Instructions for the task
Make an exact copy of the lines from the one containing "Где купить джинсы больших размеров доставка" through the end of the material, including both ends but no pictures.

====== Recorded data

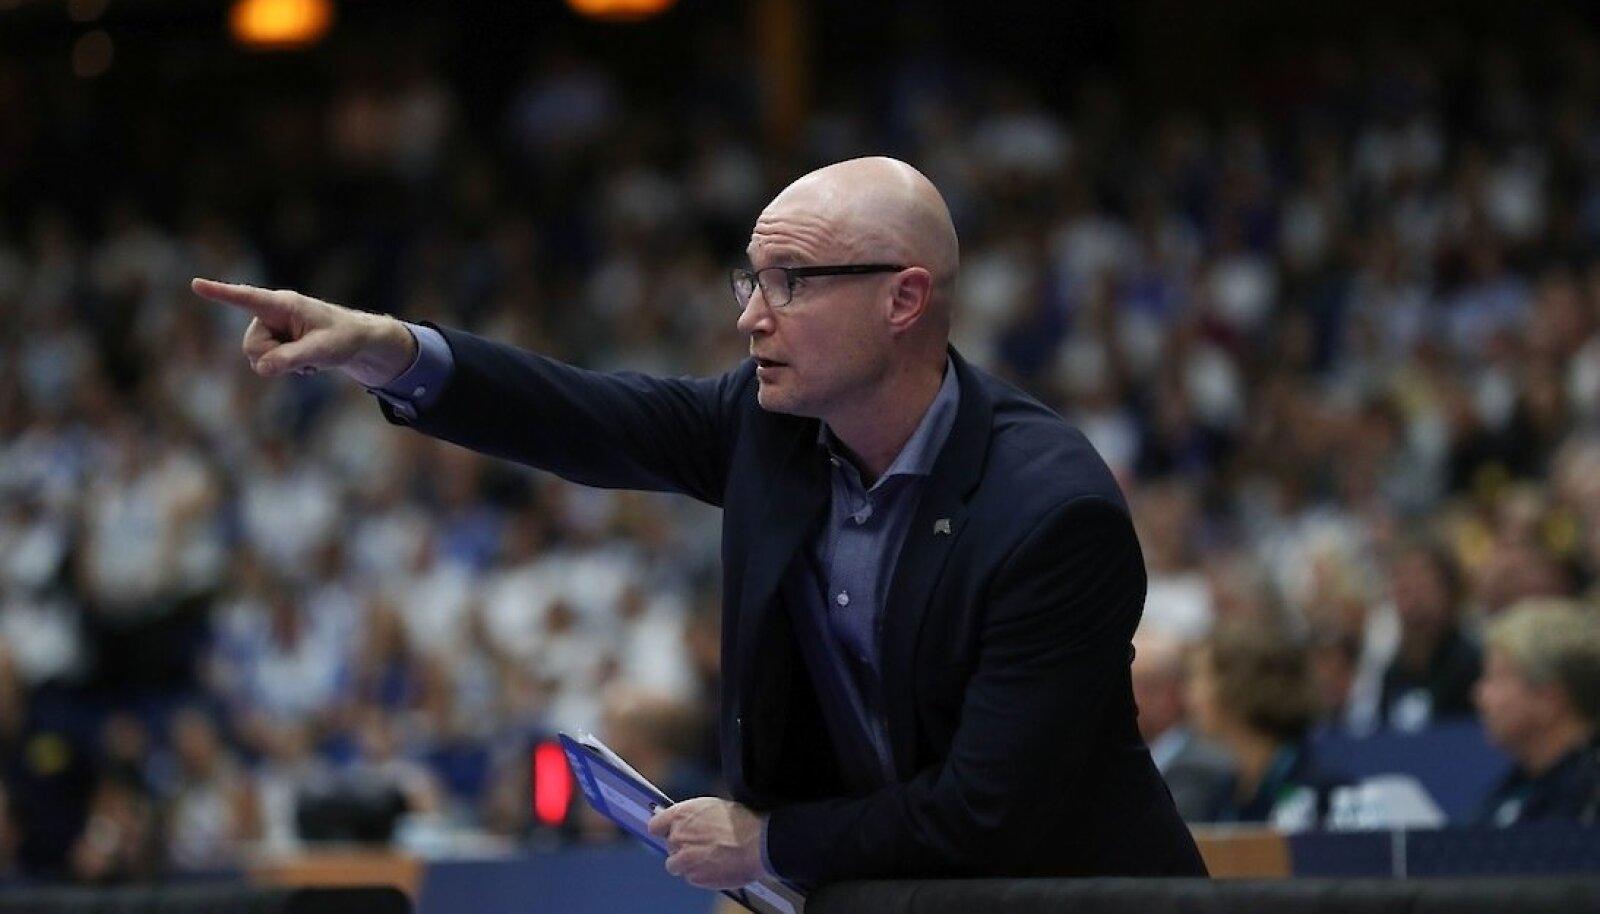 Jukka Toijala võtab Tiit Sokult üle Eesti korvpallikoondise juhendamise.
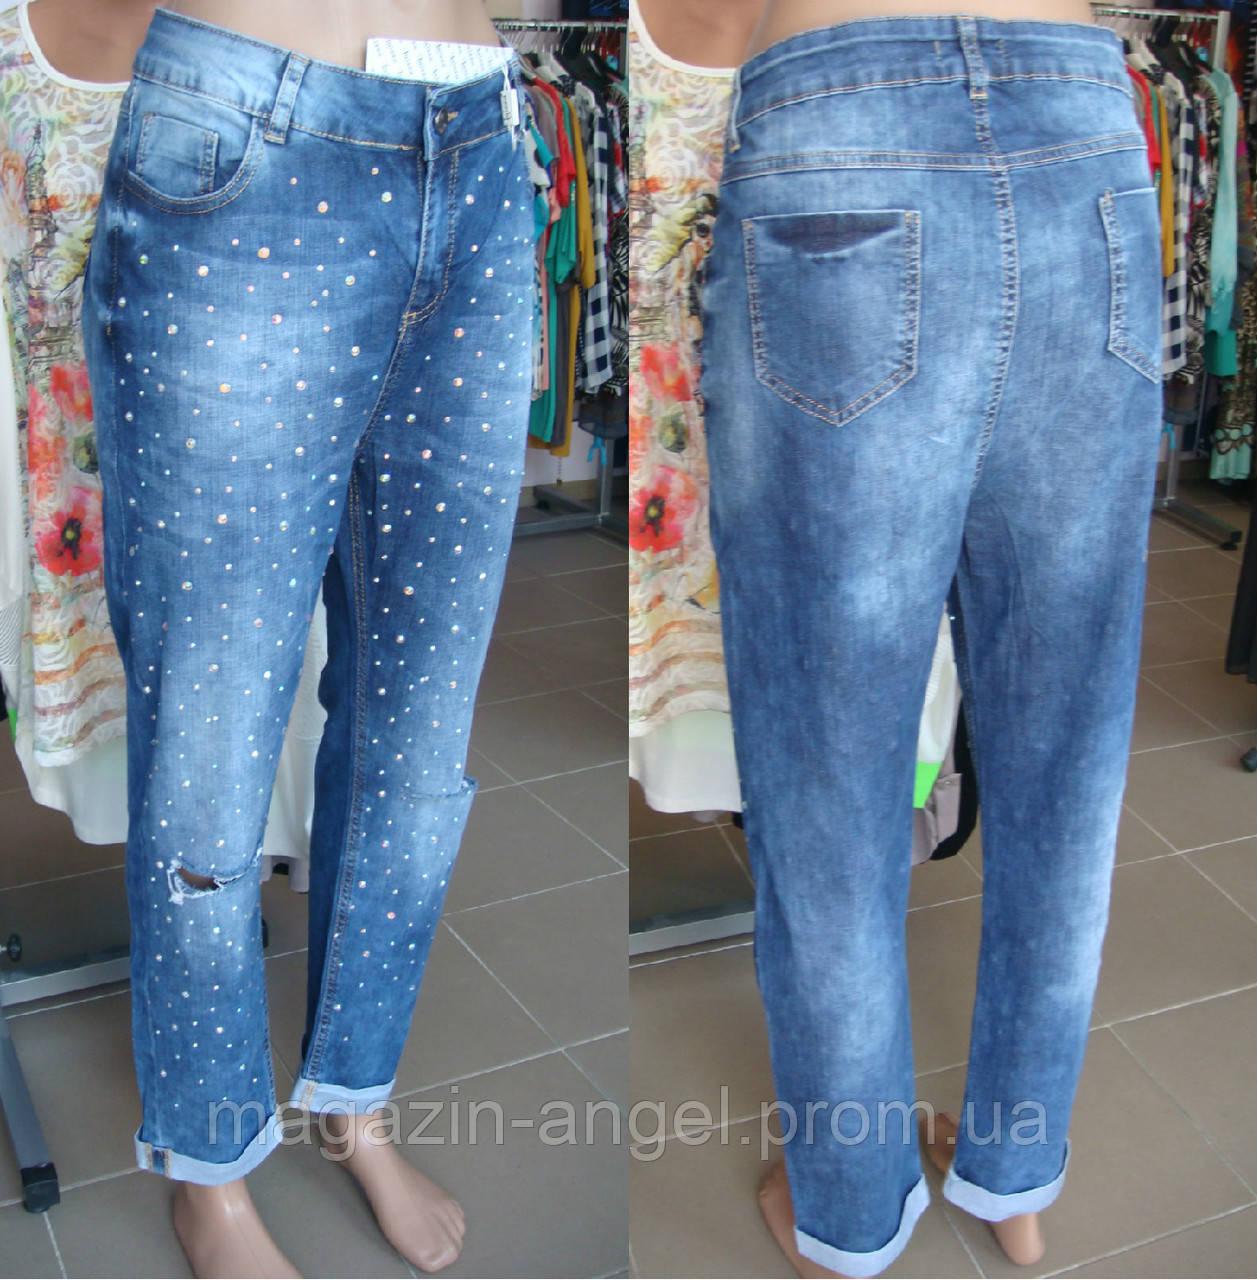 Где купить джинсы больших размеров доставка
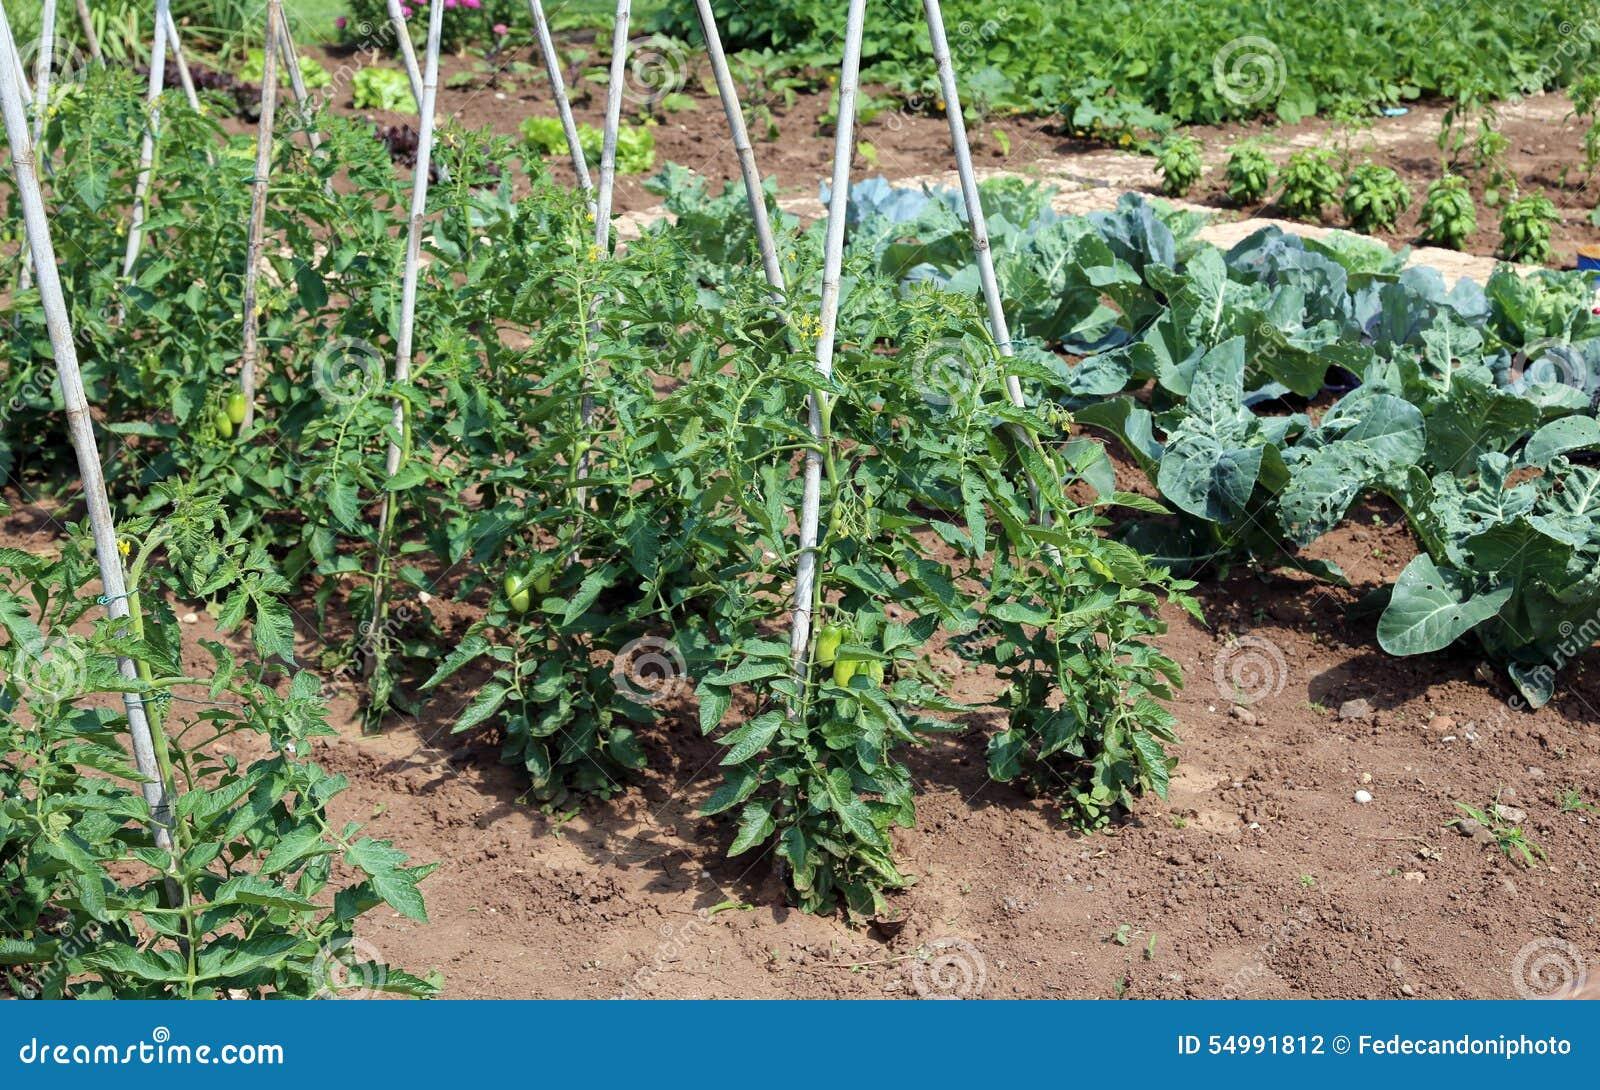 tomatenpflanzen im garten des landwirts stockfoto bild. Black Bedroom Furniture Sets. Home Design Ideas

============

Response to the exercise
 Где купить джинсы больших размеров доставка
 tomatenpflanzen im garten des landwirts stockfoto bild. Black Bedroom Furniture Sets. Home Design Ideas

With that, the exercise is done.